Due to the incorrect description of the assay, as well as the confusion related to the data presented in Figure 3, this reviewer cannot recommend acceptance of the revised manuscript for publication.

Author Response

- The English language improved, with spell-checking for the whole manuscript according to the reviewer's recommendations

- Research design, methods, and presenting the results including the
figures which are improved and updated according to the reviewer's recommendations.
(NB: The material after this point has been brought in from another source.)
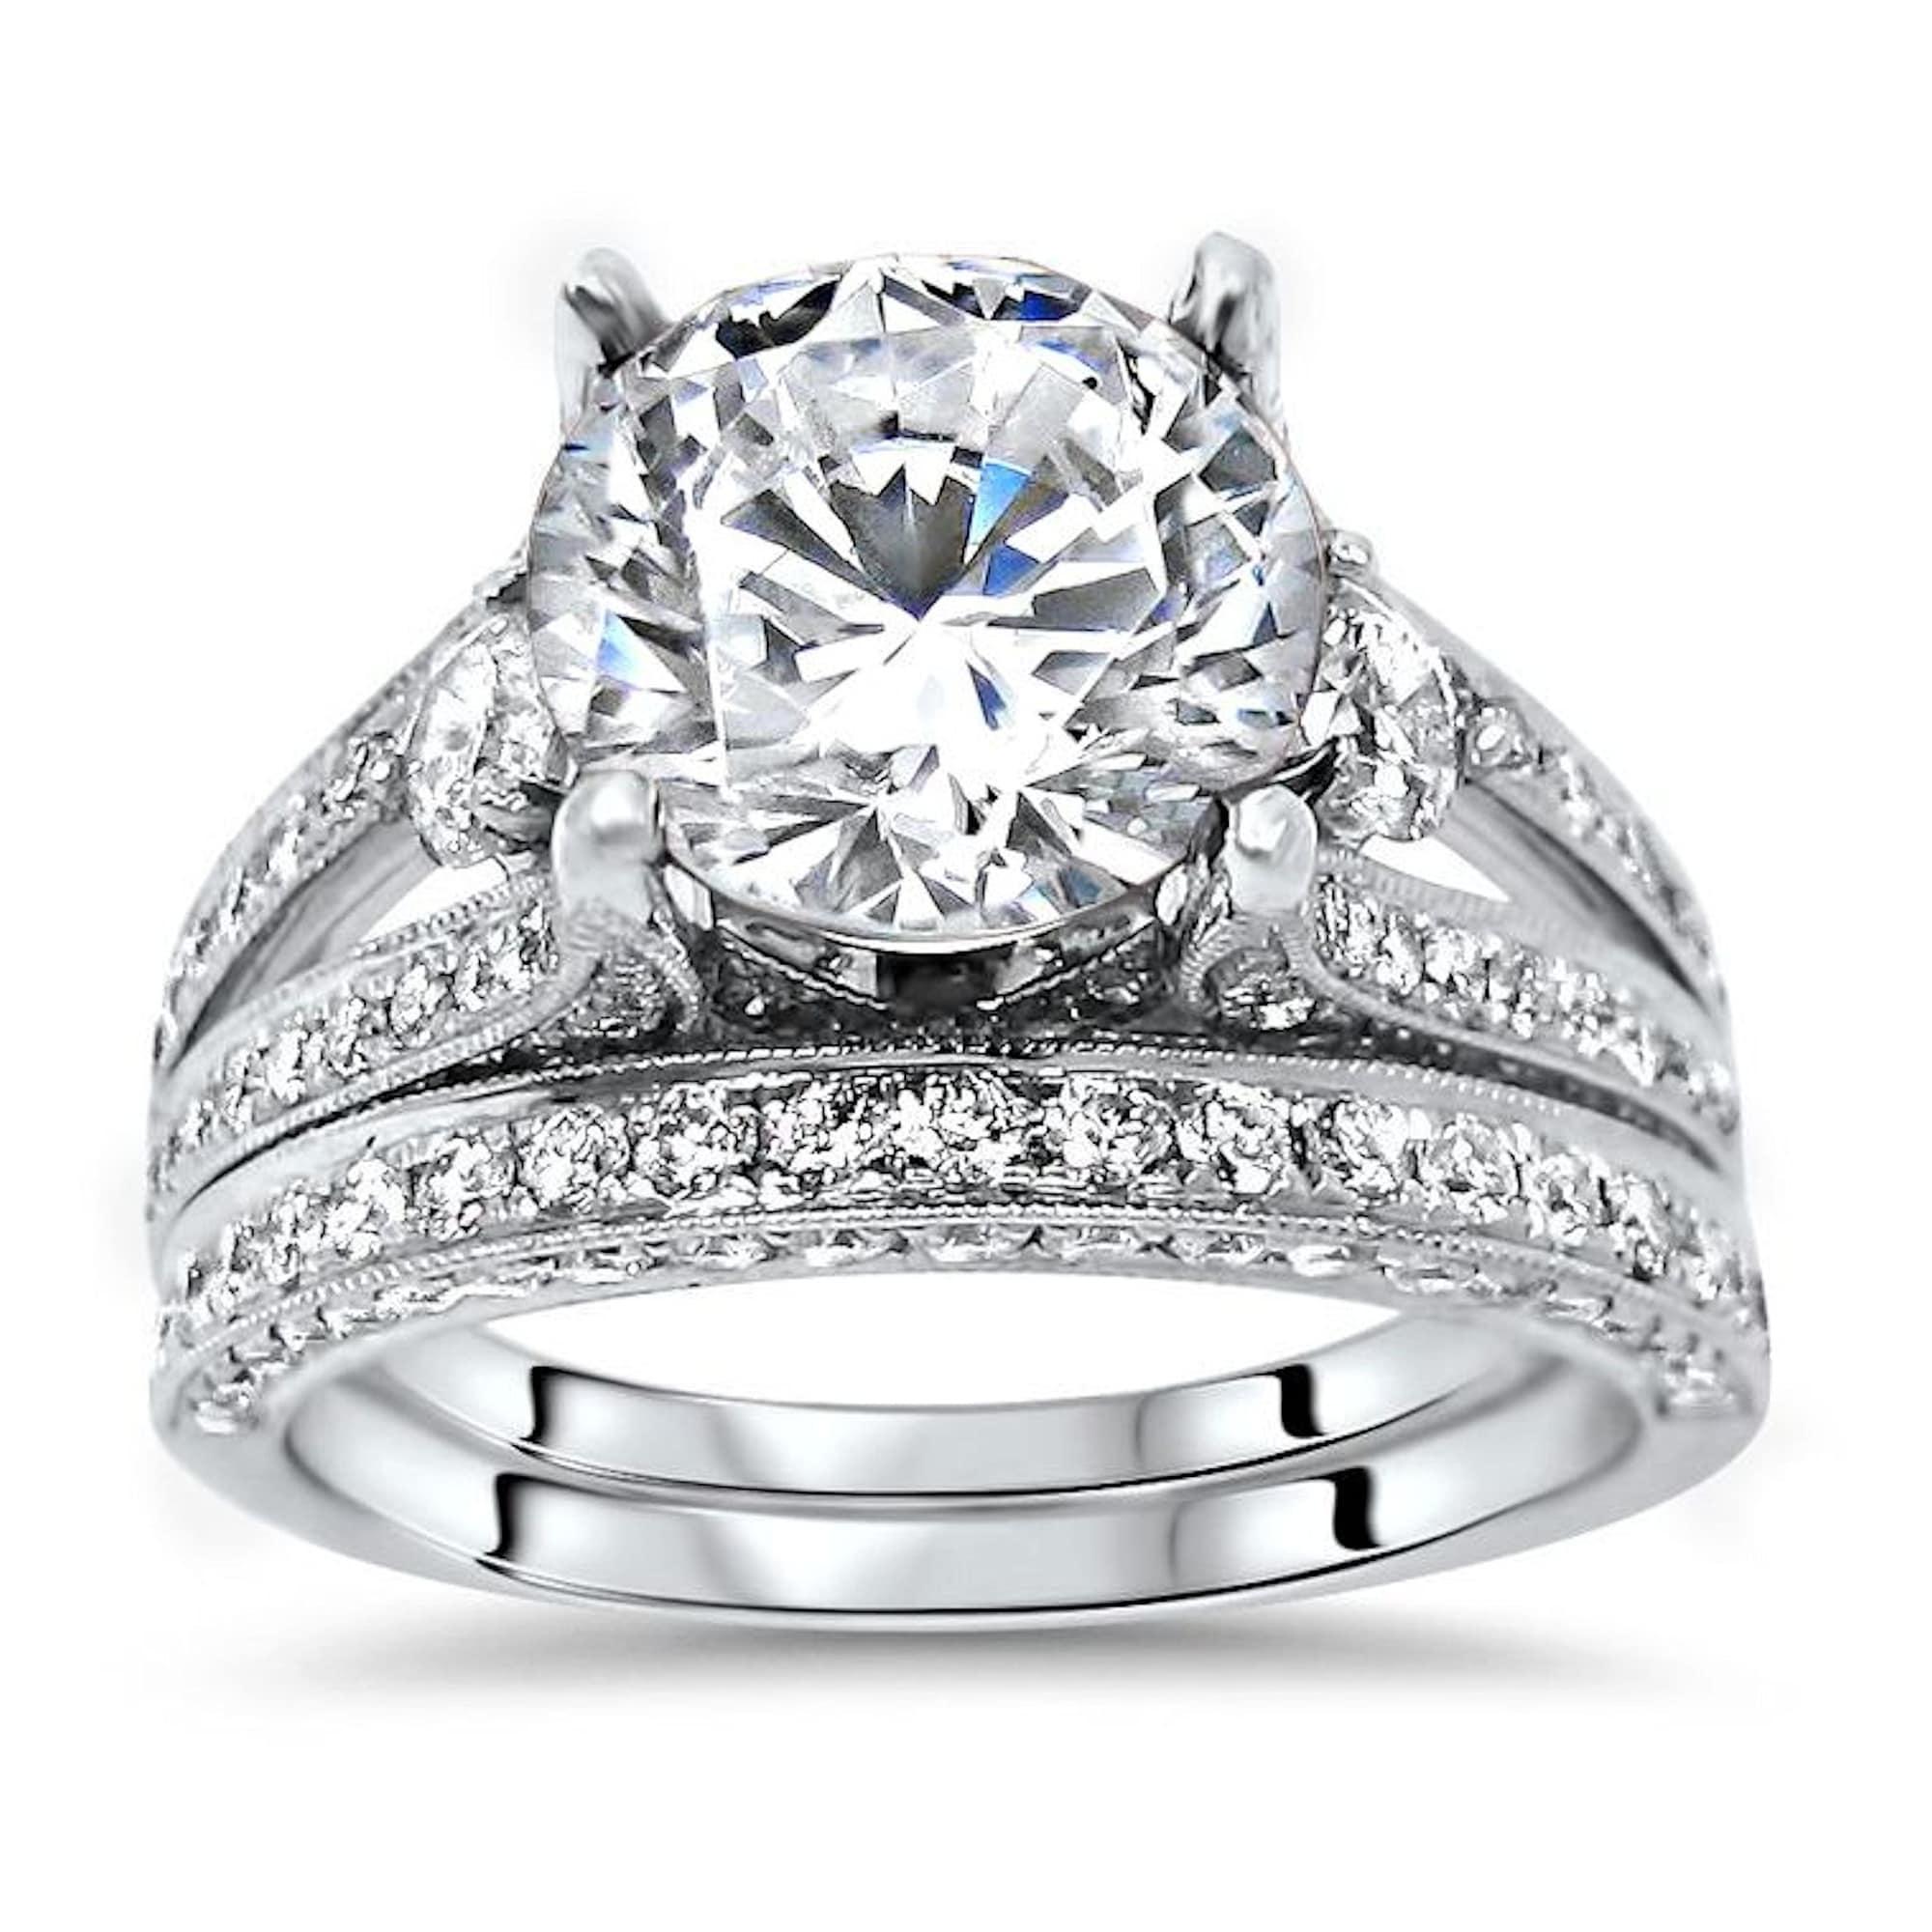 Engagement Ring Gift For Mum 1.60 Ct White Round Moissanite Halo Wedding Ring,Moissanite Ring in 10KT Yellow Gold Ring

- Regarding the use of PCR machine, it's used for signal readout, according to the recommendations from the reviewer it's corrected from PCR-based method to ''on-column binding real time biosensor'' and the PCR-based method deleted inside the whole manuscript (Title, abstract, results, figures, and discussion. 

- Regarding the figure 3, the figure is updated, data re-calculated by subtracting the fluorescent intensity of the Ni-column wash flow from the entire fluorescent intensity of Bocillin FL (zero Penicillin). Figure caption is updated based on the reviewer's recommendation.  

Reviewer 3 Report

No extra comment.

Author Response

According to the review's recommendation the introduction, research design, method, results including the figures, and the conclusion parts are improved. 

In addition, English language proofreading, and spell checking done for the whole manuscript.